According to the Attorney General's Office, the recipients included two entities led by Shemeth: Her nonprofit Gallop to Success received $11,500, and her for-profit Kimberly Farms received $7,000. Shemeth did not return calls seeking comment.
Myers, a retired nonprofit leader, said the situation had made her uncomfortable. "At the time, I told her I had great reservations about it," she said. "In the nonprofit world, one gets very cautious about money going to directors."
The Attorney General's Office intervened and, last September, settled with the two women. Shemeth agreed to repay the United Ways of Vermont, and both were prohibited from serving on a nonprofit board until they completed a training course on fiduciary responsibilities.
"I thought that was kind of ridiculous," said Myers, who was not accused of steering money to herself. "But I'm 85 years old. I'm not going to go out and work in the nonprofit sector again, probably."
The Attorney General's Office isn't alone in overseeing the state's nonprofits. The U.S. Attorney's Office for the District of Vermont prosecutes federal crimes involving charitable organizations, though it treats them no differently from any other corporation.
"We don't draw a distinction as to whether it's a nonprofit or not," said spokesman Kraig LaPorte. "We look to see if it's a violation of the law."
The office's biggest cases have focused on fraud committed by the state's nonprofit hospitals. In 2005, the president and CEO of what was then Fletcher Allen Health Care, William Boettcher, pleaded guilty to defrauding state regulators over the projected cost of a hospital addition. He was sentenced to two years in prison.

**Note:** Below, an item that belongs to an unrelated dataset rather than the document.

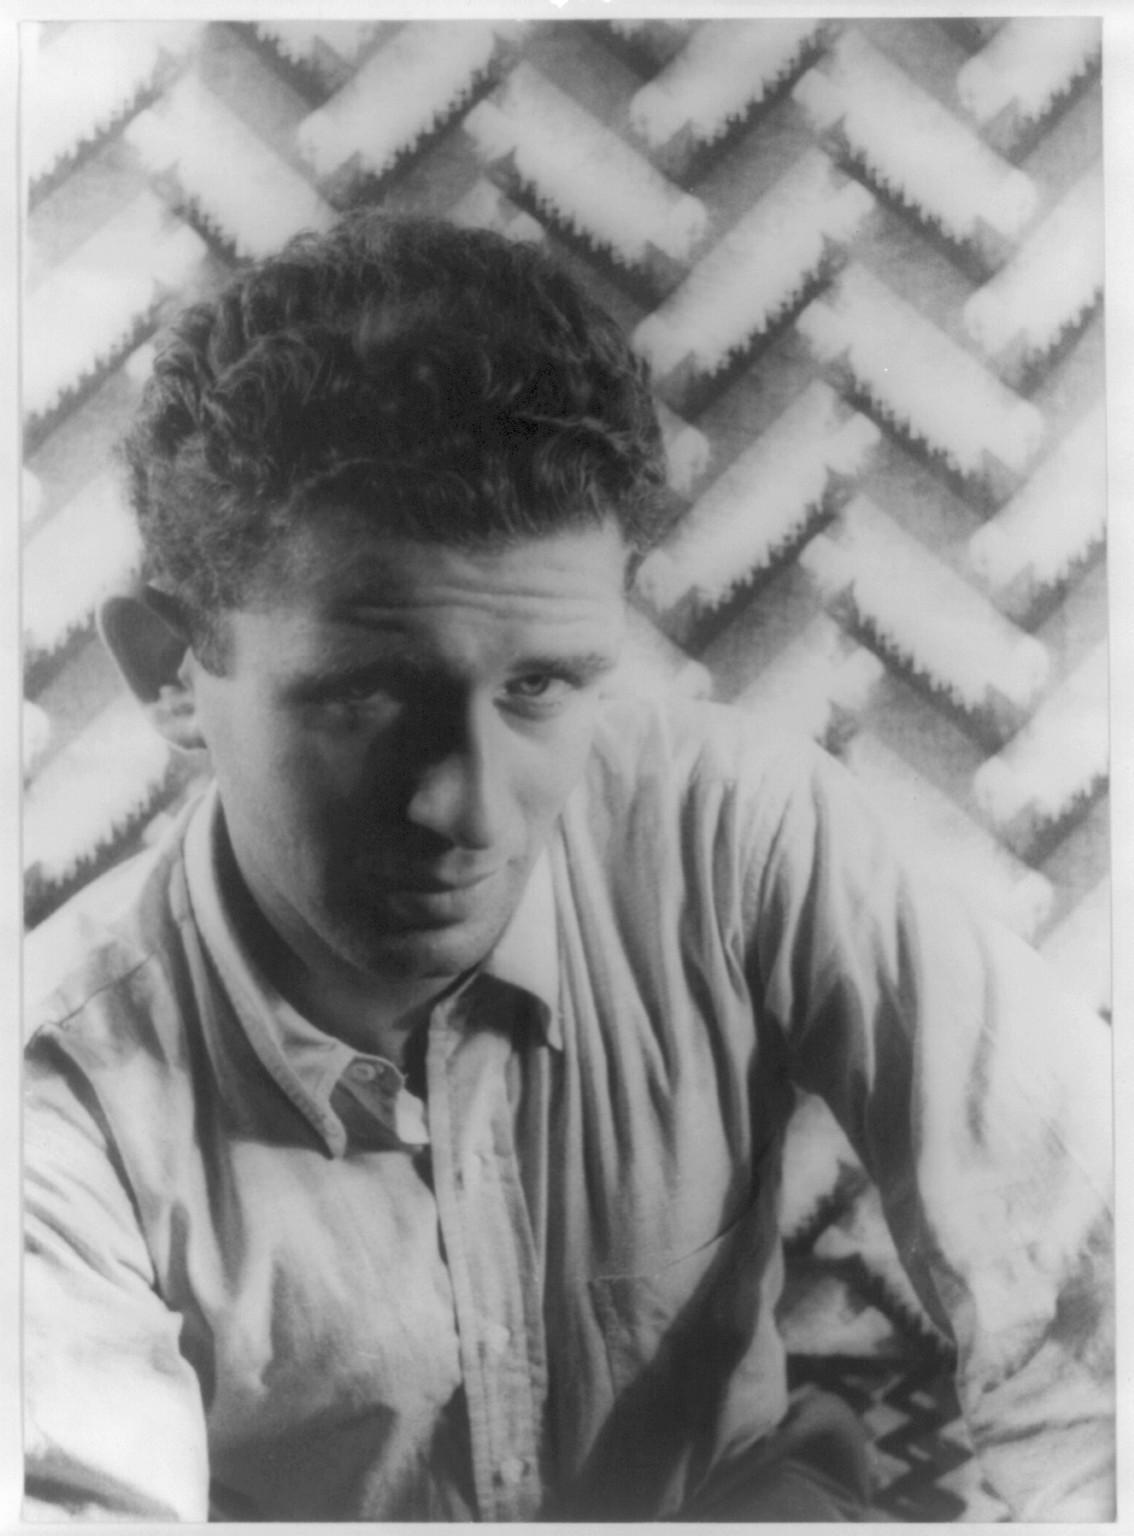 Norman Mailer 1948.jpg

More recently, Lebanon, N.H.-based Dartmouth-Hitchcock medical center and Brattleboro Memorial Hospital settled Medicare and Medicaid fraud cases.

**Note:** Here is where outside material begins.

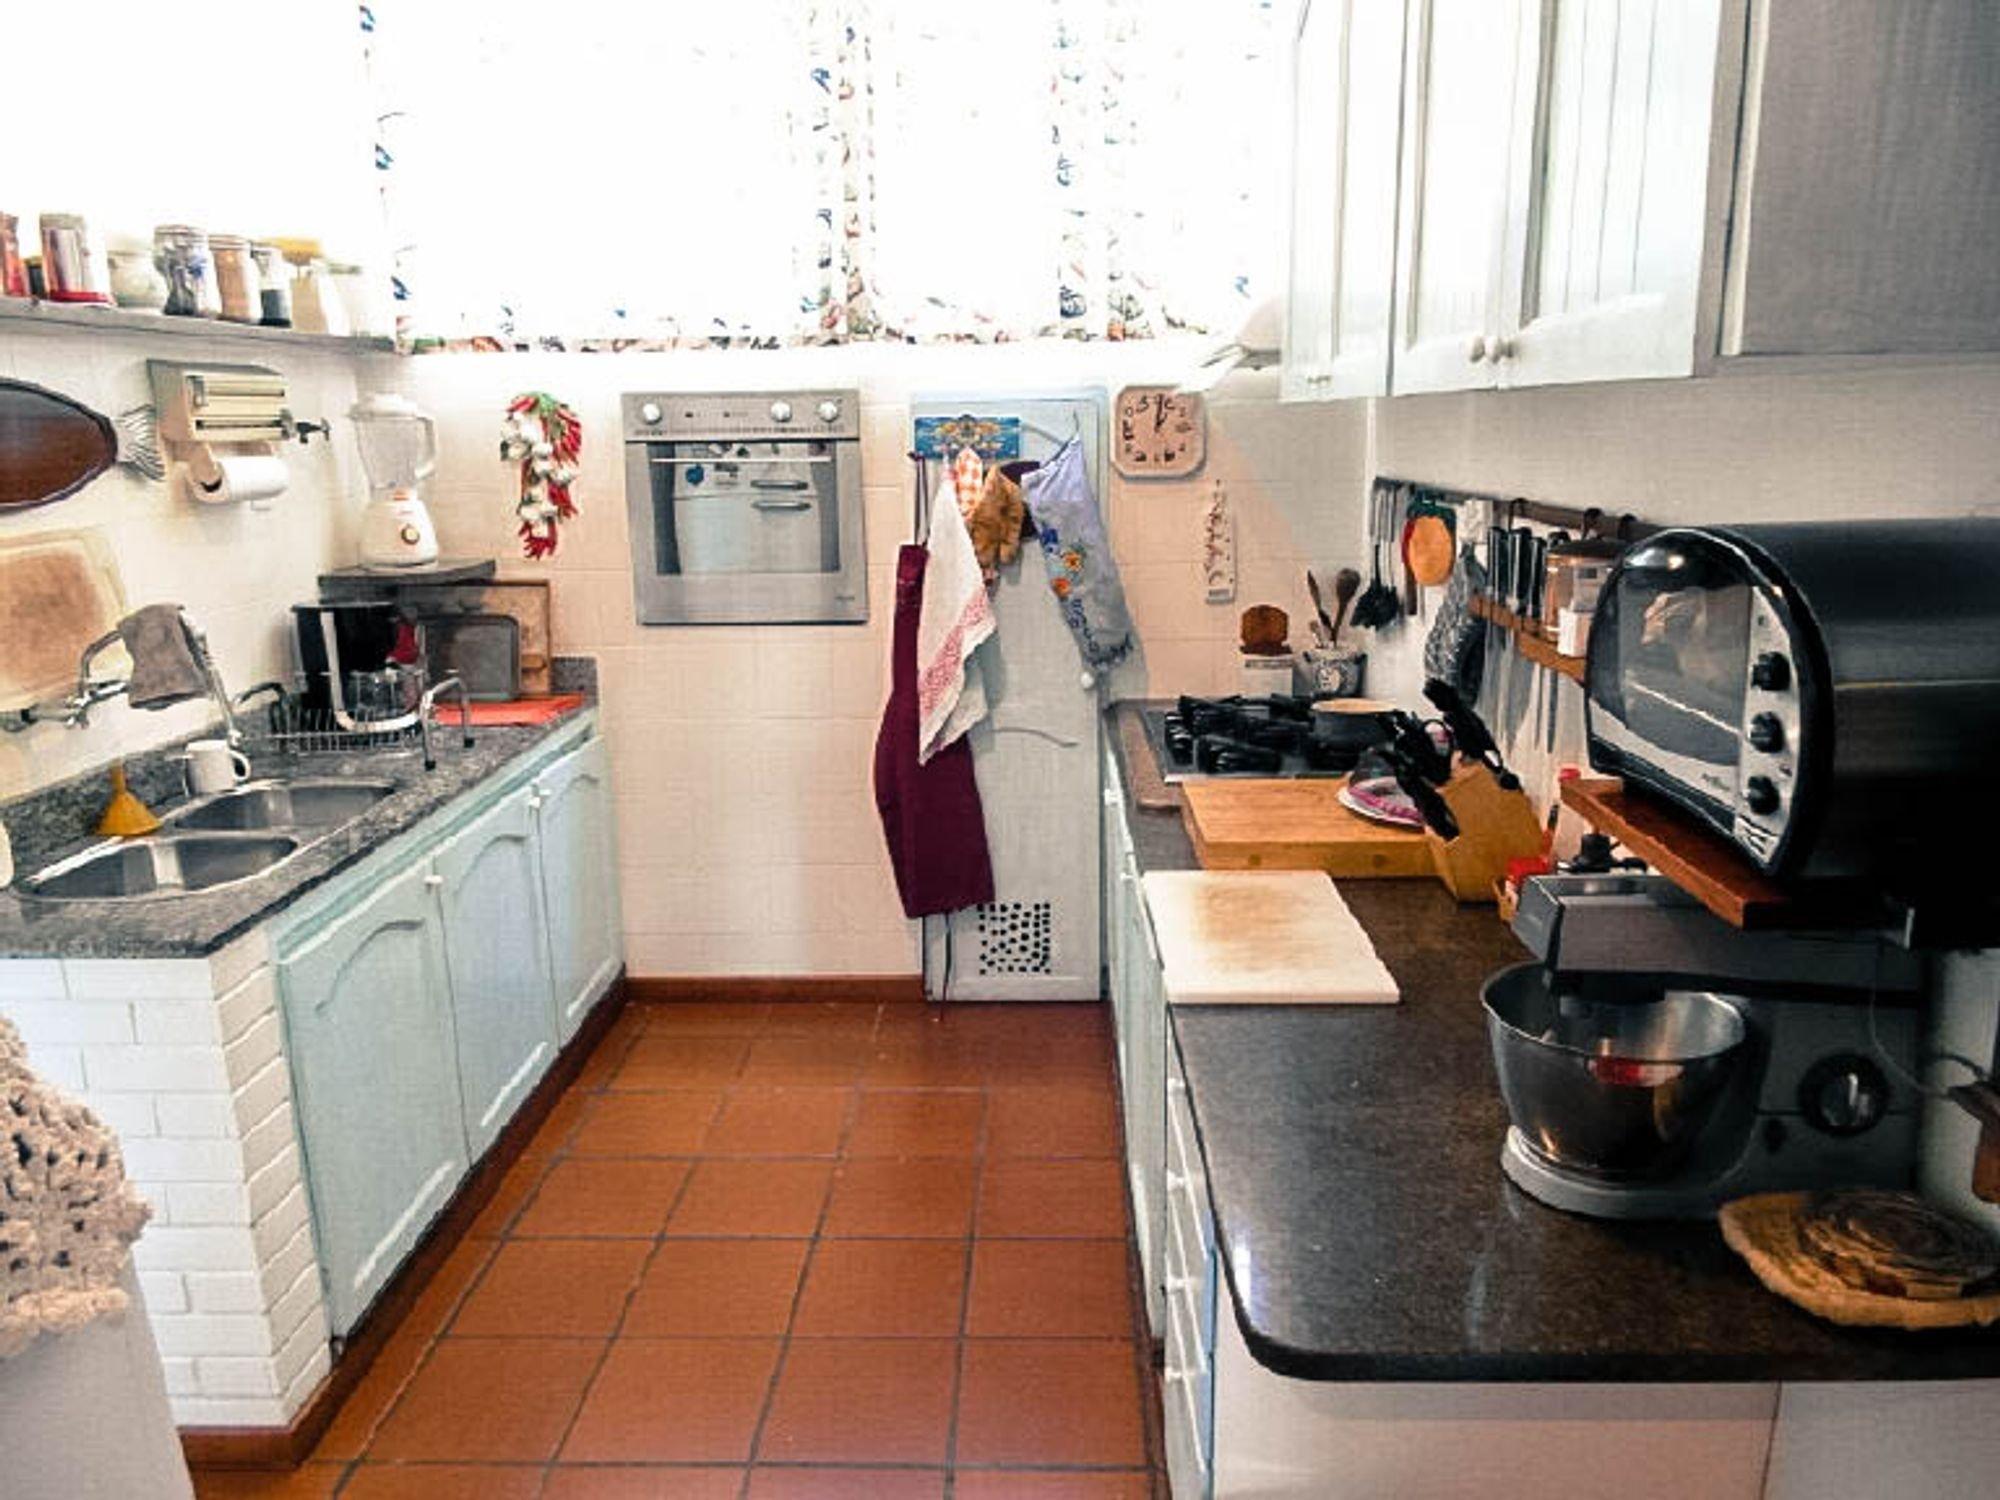 Foto de Cozinha com tigela, pia, xícara

The U.S. Attorney's Office has also investigated whether leaders of a failed educational nonprofit, Burlington College, misrepresented the institution's assets when applying for a bank loan. The probe, which has not resulted in charges, has drawn national scrutiny because the focus of the investigation appears to be Jane O'Meara Sanders, a former Burlington College president and the wife of Sen. Bernie Sanders (I-Vt.).
One of the most memorable federal prosecutions of a local nonprofit employee came in December 2015, when Hunger Free Vermont learned that its longtime finance director, Sally Hartford Kirby, had embezzled $165,000 from the South Burlington organization. The next year, Kirby was sentenced to 15 months in federal prison and ordered to pay more than $178,000 in restitution.

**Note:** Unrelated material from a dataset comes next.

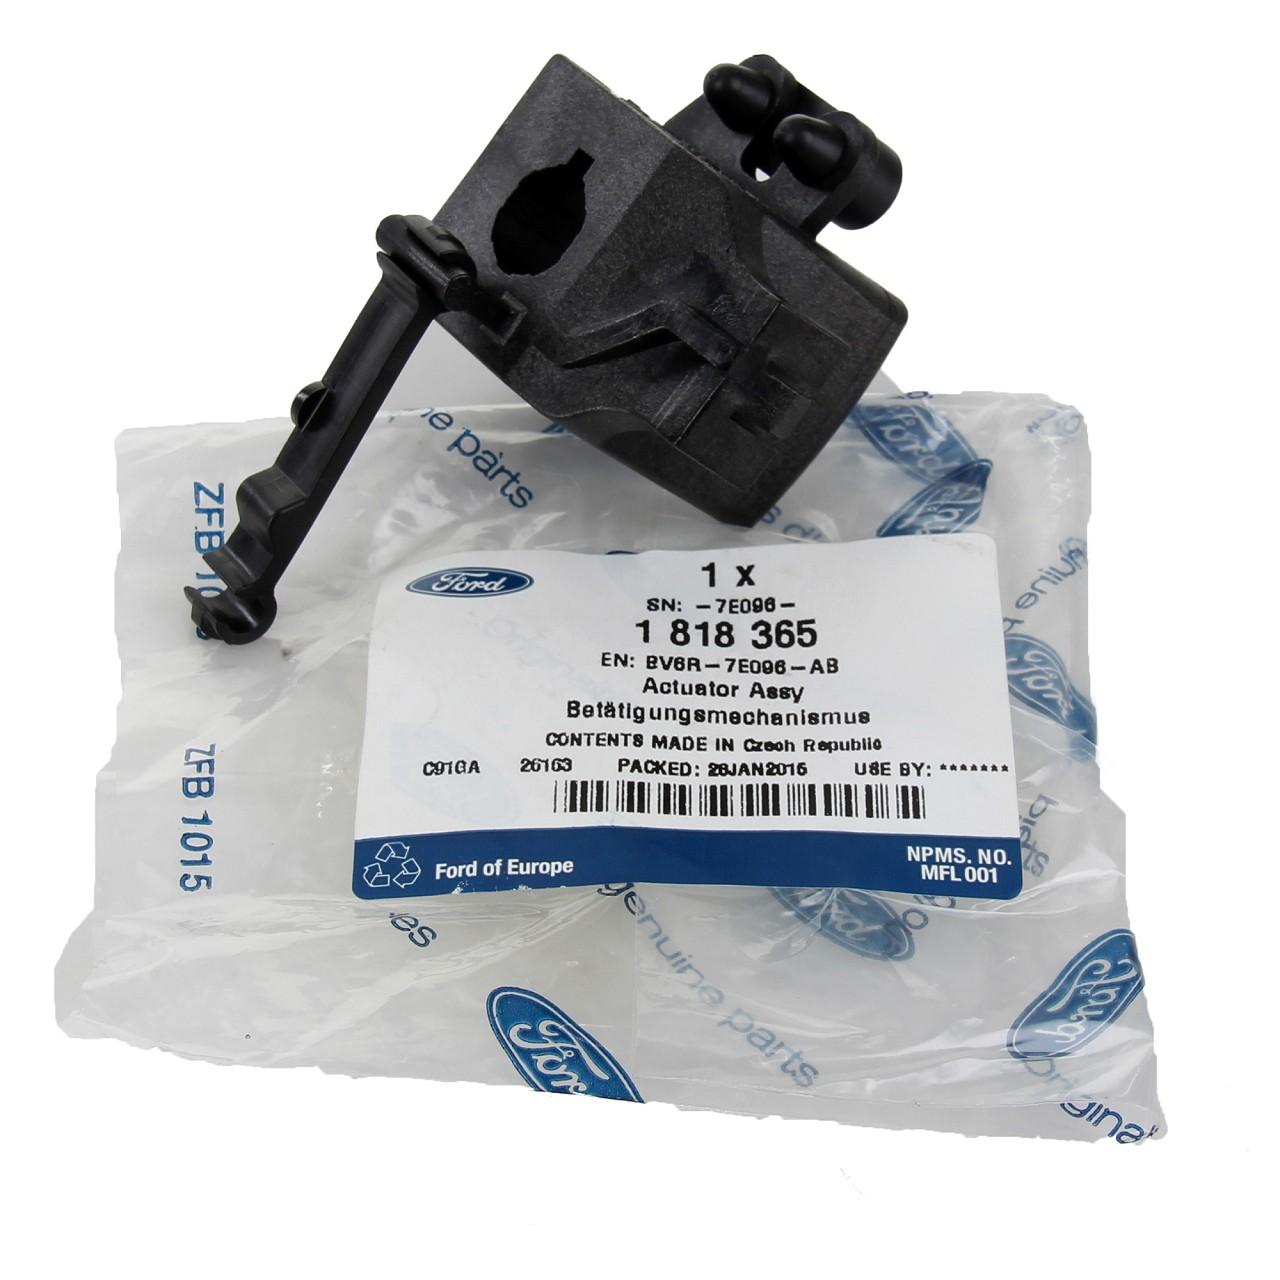 ORIGINAL Ford Zugfeder für Schalthebel FOCUS III MK3 ab 01.2011 1818365

"Embezzlement shakes everybody to the core," said Hunger Free Vermont board chair Darren Allen. When the organization realized what had happened, Allen said, it did not hesitate to disclose the news. "We all firmly believed that being transparent and timely with our supporters, our friends and the public was the only course to take if we were going to continue as an organization."
Would greater state regulation have kept Kirby from committing the crime? Allen's not so sure.
"This doesn't just hit nonprofits. It hits town governments. It hits private corporations," he said. "If someone is hell-bent — particularly if they're a trusted and beloved member of the team — if they're hell-bent on creating harm, I would never underestimate the ingenuity of human beings."